Whisky firms turn tables on supermarkets

Tesco Supermarkets - Photo: JThomas Creative Commons Attribution-Share Alike 2.0 Generic license.
Supermarkets now on the back foot in negotiations with distillers

SCOTCH whisky companies expect to be able to exert strong pricing pressure on supermarkets and other UK customers over the next few months due to a shortage of supply and the opening of new overseas markets including China and India.

Roland van Bommel, chief executive of Bellshill-based William Grant & Sons, said that whisky prices have fallen “ridiculously low” in the UK market, partly due to the success supermarkets such as Sainsbury, Tesco and Asda have had with their own-label brands since the 1980s.

However he said that distillers — the biggest of which include Diageo, Pernod Ricard and William Grant & Sons – have finally achieved greater muscle over the supermarkets’ buying departments owing to a shortage of stock.

This is due to the current extreme scarcity of “fillings” used for making blended whisky, especially three to five year old malts.

“We now have the opportunity to rebuild all the equity that has been lost in the Scotch whisky market ,” said Van Bommel, whose company’s brands include Grant’s blended whisky, Glenfiddich and the Balvenie single malts, blended malt Monkey Shoulder, Hendrick’s gin and Reyka vodka.

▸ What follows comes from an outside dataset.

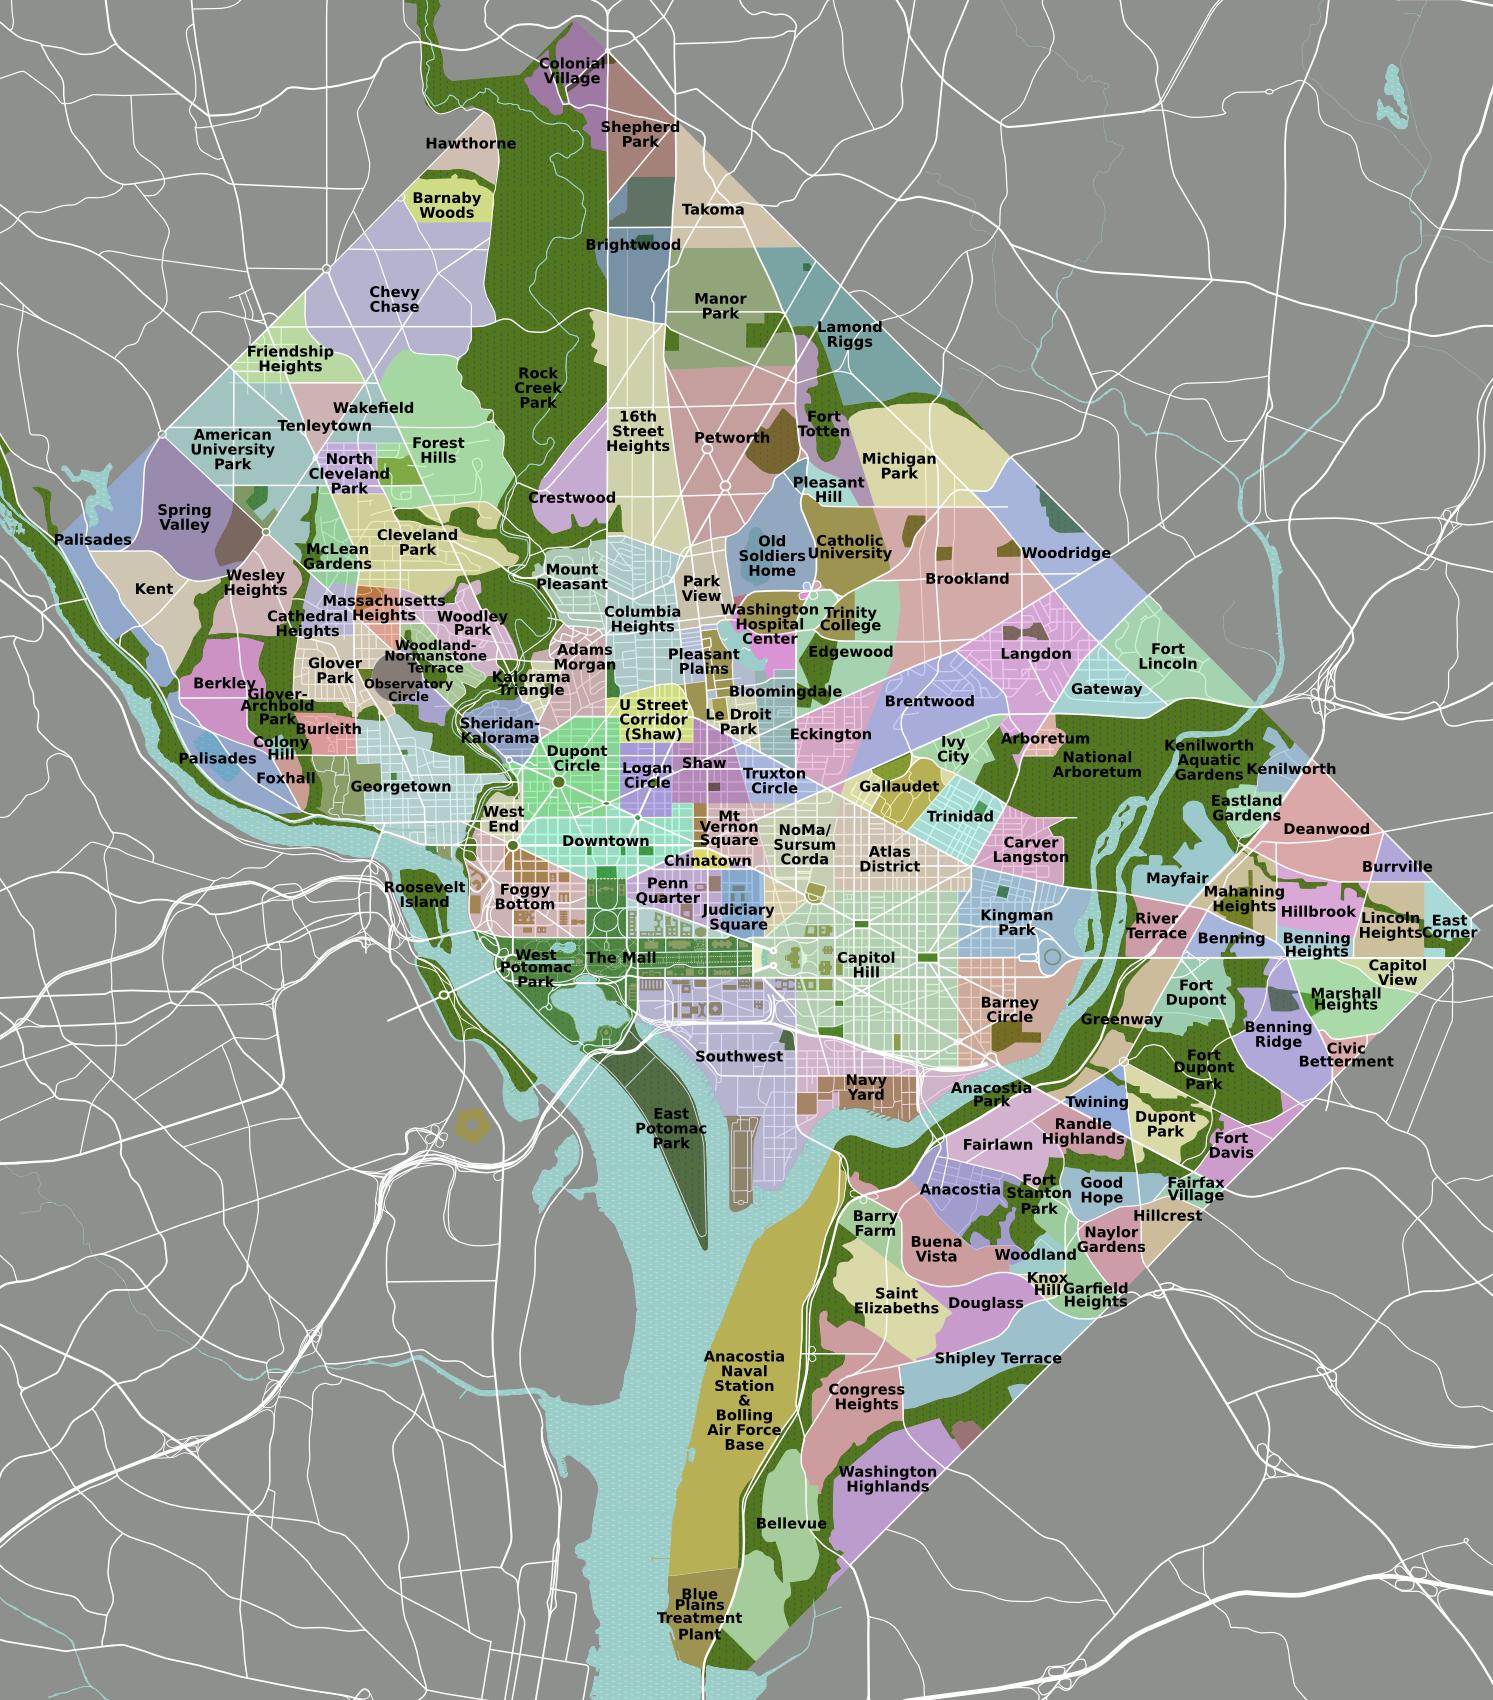 map-of-washington-dc-neighborhood-surrounding-area-and-suburbs-of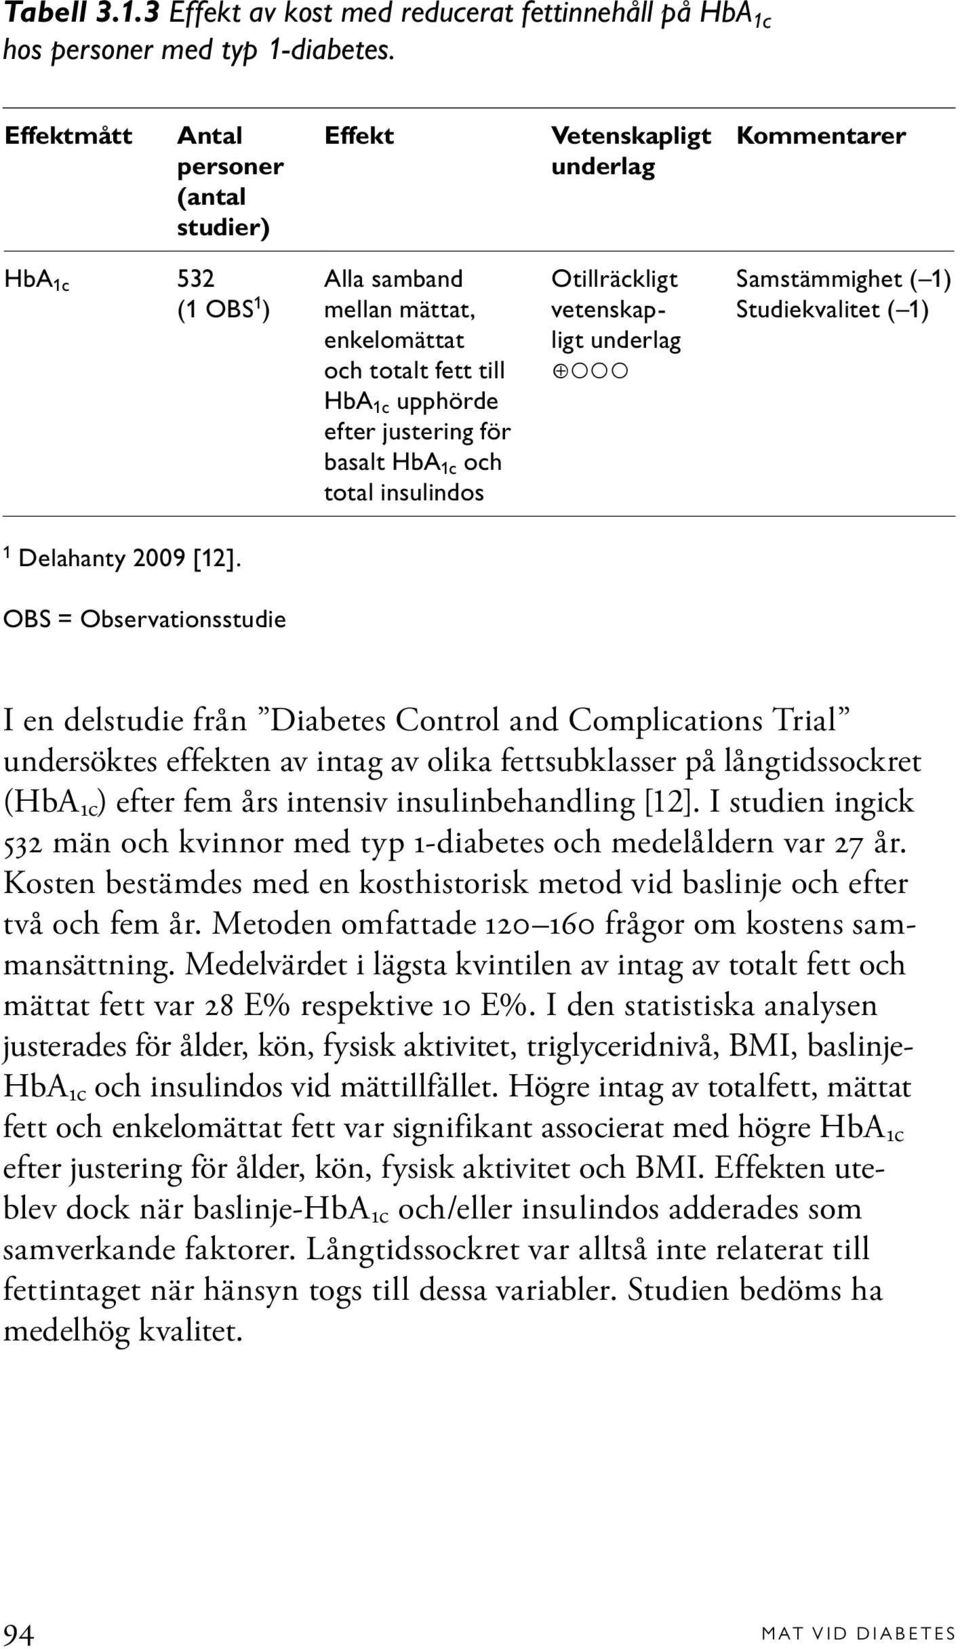 för basalt HbA 1c och total insulindos Otillräckligt vetenskapligt underlag Samstämmighet ( 1) Studiekvalitet ( 1) 1 Delahanty 2009 [12].

He said Scotch whisky distillers are, for the first time in a decade, on the front foot when it comes to entering pricing negotiations with supermarket chains. This is because of a range of factors, including strong demand from emerging markets such as India and China, the likelihood that India will succumb to pressure from the World Trade Organisation and open its market later this year, and more buoyant selling prices for whisky in the emerging markets of Asia.

Supermarkets on the back foot

Van Bommel said that where the UK is concerned he expects to see “a return to a level of pricing that has not seen since 1987.

“With the rise in energy and grain prices, and core inflation above 3 per cent you would anyway expect to see price rises,” said Van Bommel.

“But given the market circumstances, it is now us who will be walking in the door to see Tesco’s buyerwith a smile, whereas it has been him who has had a smirk over the past five years.”

Leonard Russell, managing director of Broxburn-based Ian McLeod Distillers, the makers of Glengoyne malt, said that Scotch whisky producers are becoming increasingly reluctant to supply own label or branded Scotch to supermarkets at knockdown prices.

“Own-label has traditionally been a conduit to clear out excess stock. But given the shortages of supply and the growth of new markets such as China and India — where 12-year-old luxury blends are much in demand — distillers increasingly want to keep this for themselves.”

Russell added: “One leading supplier of own label whisky to the supermarkets is rumoured recently to have told the Tesco buyer to accept a 40 per cent price rise or else he would refuse to supply. And they have nowhere else to go.”

Van Bommel also said William Grant & Sons has increased sales of its Glenfiddich brand, the world’s biggest selling malt, to around 900,000 nine litre cases during 2006, and that “sales of Hendrick’s gin are beginning to take off.”

This premium gin brand, launched in the USA in 2001 and Europe in 2003 is already selling 100,000 cases annually.

He also predicted further consolidation for the global drinks business, with Diageo, Fortune Brands and Pernod Ricard all understood to be circling Vin & Sprit, the Stockholm-based owner of Absolut vodka. Van Bommel said he expects V&S, which the Swedish government recently said it would sell, to command a price tag of around €5bn (£3.3bn).